Making the rounds of the teams' motorhomes, Ecclestone lobbied each of the tobacco–backed team owners, and then the individual tobacco company representatives, to 'run branded' in spite of the threat posed by the Belgian legislation. None would agree to support him.
On Saturday, Ecclestone was again lobbying intensely, ultimately calling the team owners and sponsor representatives together for a joint meeting. Promising to 'take full responsibility', he again called for a show of support. And again, all declined, some pointing out to Ecclestone that he couldn't take responsibility in the face of possible fines and jail time; who was responsible would be the decision of prosecutors, not Ecclestone. None were prepared to take the risk.
It was, for Ecclestone, a stunning defeat. For a year, he had been on record that no additional European races would be run with generic logos. More recently, he had made it clear that, if the Belgian ban were enforced, there would be no Belgian Grand Prix this year. Yet there they were, practicing, qualifying and racing at Spa bereft of their tobacco logos.
When the cars ran unbranded at Spa despite his pleas, Ecclestone was transformed from the most powerful man in F1, if not all of sport, to the equivalent of the boy who cried wolf, reduced to telling local authorities that - barring a Walloon win in arbitration - what was taking place out there in the Ardennes forest was the last Belgian Grand Prix.
For Ecclestone, what was at risk was far more than his profit as the Spa promoter. While earlier this year he had succeeded in attracting $1.4 billion from an FOA bond issue, that amounted to a loan. To repay it, and leave him the funds to nurture digital PPV television, Ecclestone had been counting on reviving his plan to float FOA on the public stock market.
If the Belgian national law stands, Ecclestone fears that other European countries will follow suit, accelerating the timetable established by the EU tobacco ad ban, and concurrently reducing the time available in which to replace tobacco money with PPV revenue. Further, that threat, combined with the impending decision by the EU's competition committee - which may nullify Ecclestone's ownership of F1's broadcast rights - puts at risk his planned flotation of FOA.

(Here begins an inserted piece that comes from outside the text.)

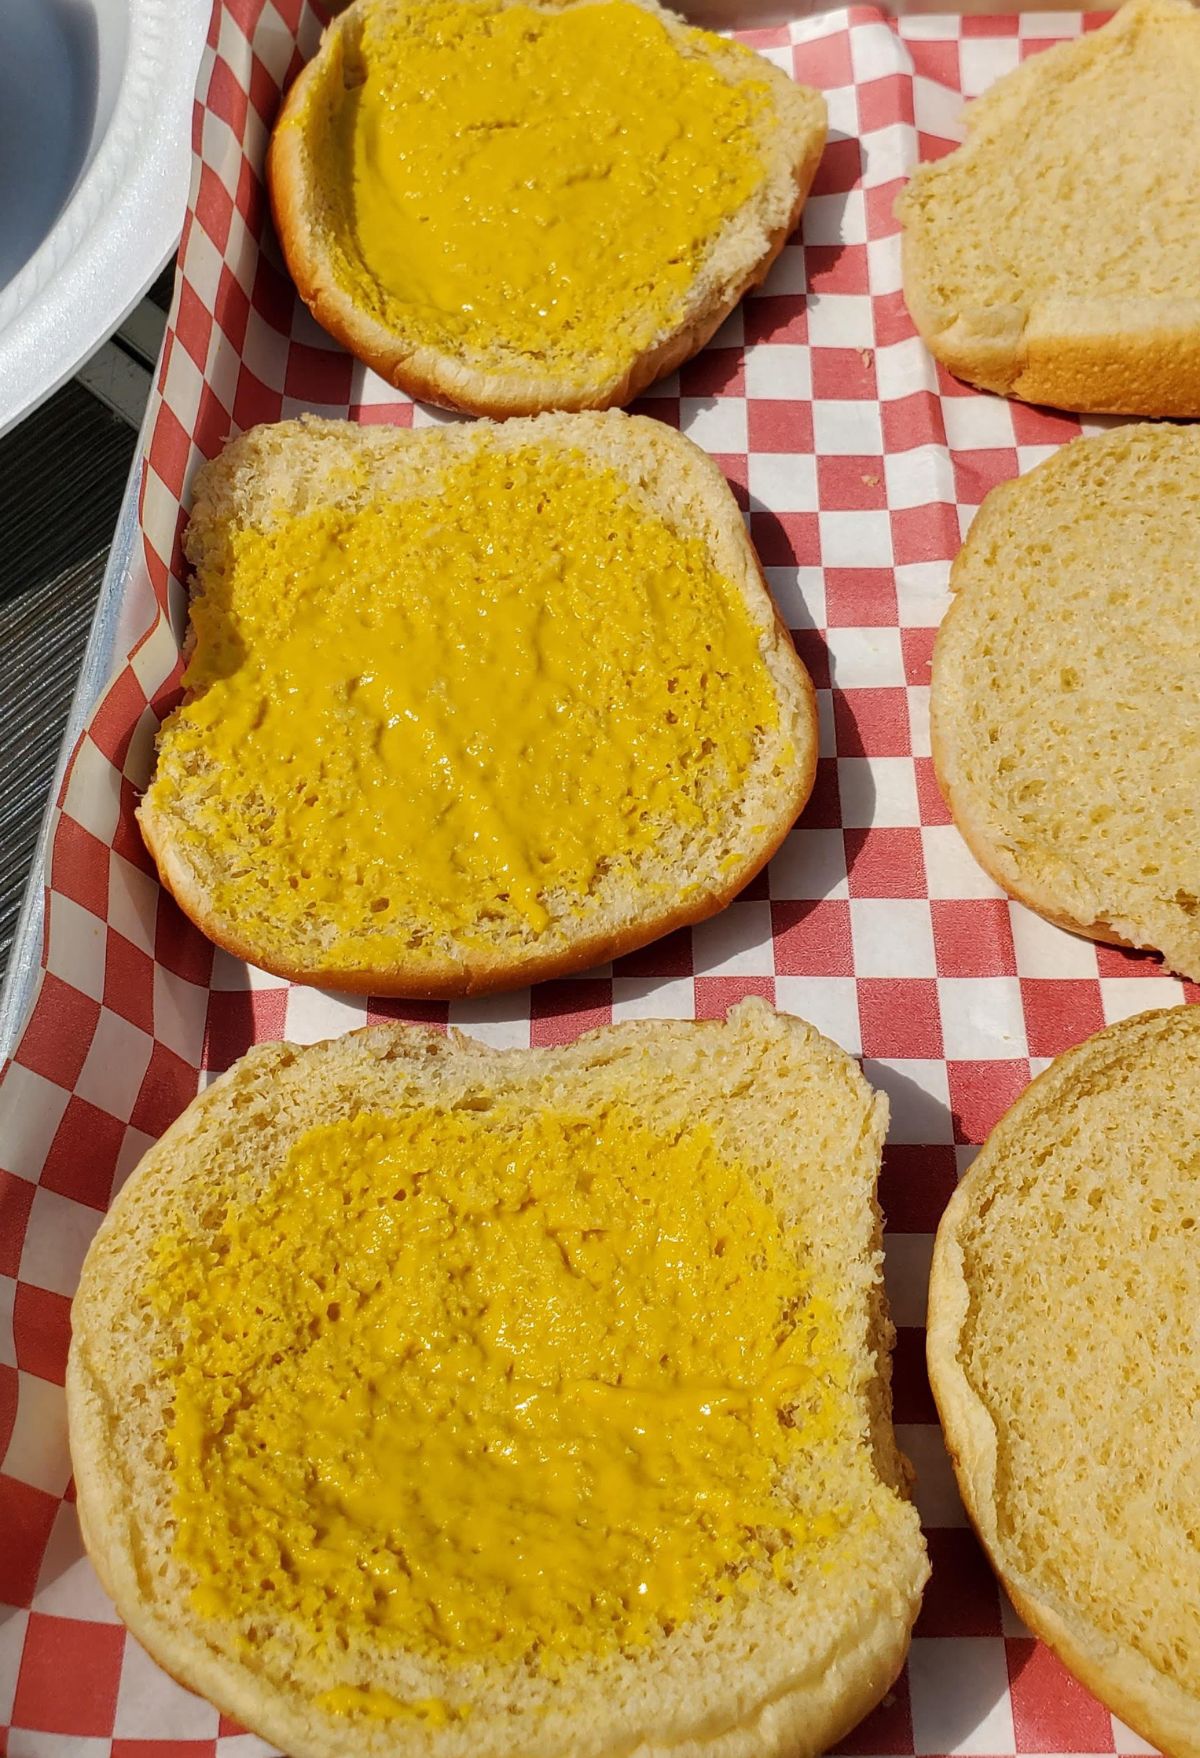 mustard on hamburger bun
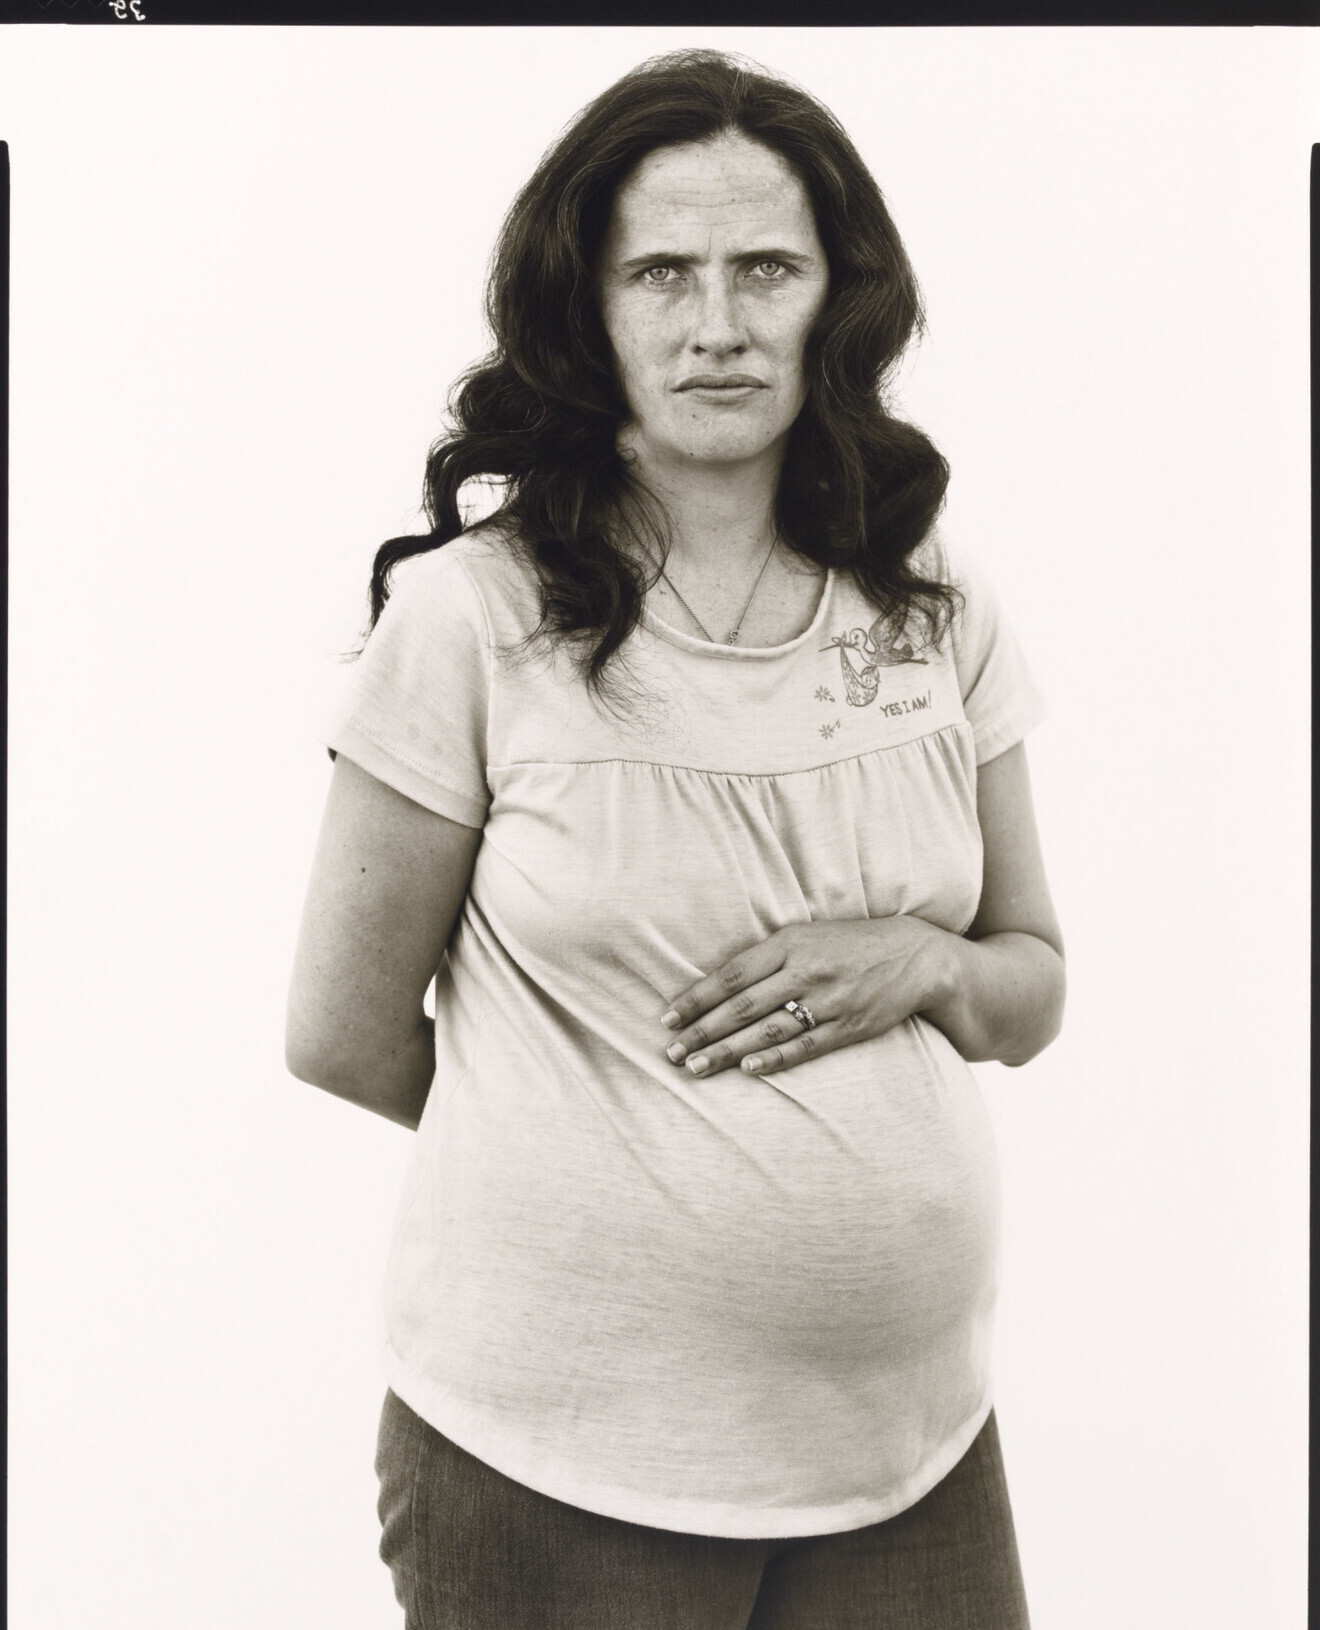 Эмма Ли Веллингтон, домохозяйка, Северный Лас-Вегас, Невада, 15 декабря 1980 г. Фотограф Ричард Аведон

In sum, the entire financial underpinning of Formula One is in considerable doubt, and Ecclestone is essentially powerless to allay the fears which potential investors must now harbor.
Potential investors are not the only ones with doubts about Ecclestone. Increasingly, the teams have begun to doubt, not simply when they'll see significant revenue from Ecclestone's digital PPV scheme, but if they'll ever see it. Ecclestone's earlier attempt to influence the British government's tobacco ad ban decision largely backfired, resulting in considerable negative publicity for Formula One, and coming close to crippling the then–new government of Prime Minister Tony Blair.
The EU's monopoly investigation is still a major threat to the basic financial structure of F1, as is the coming EU tobacco advertising ban. And as the crowning blow, there was the Belgian fiasco - Ecclestone's first major miscalculation and significant outright loss. Collectively, all of this has seriously undermined his long–standing image as the man who could make it happen, whatever 'it' turned out to be, and put his position as F1's ringmaster at considerable risk.
If a driver is only as good as his last race, a deal–maker is only as good as his last deal. With Ecclestone's Belgian arrangement having come apart, there are now substantive indications that some of the team owners have decided that, his past contributions notwithstanding, the ringmaster is not the man to lead them into Formula One's second 50 years, and that the first, tentative steps in a search for someone to replace him have already begun.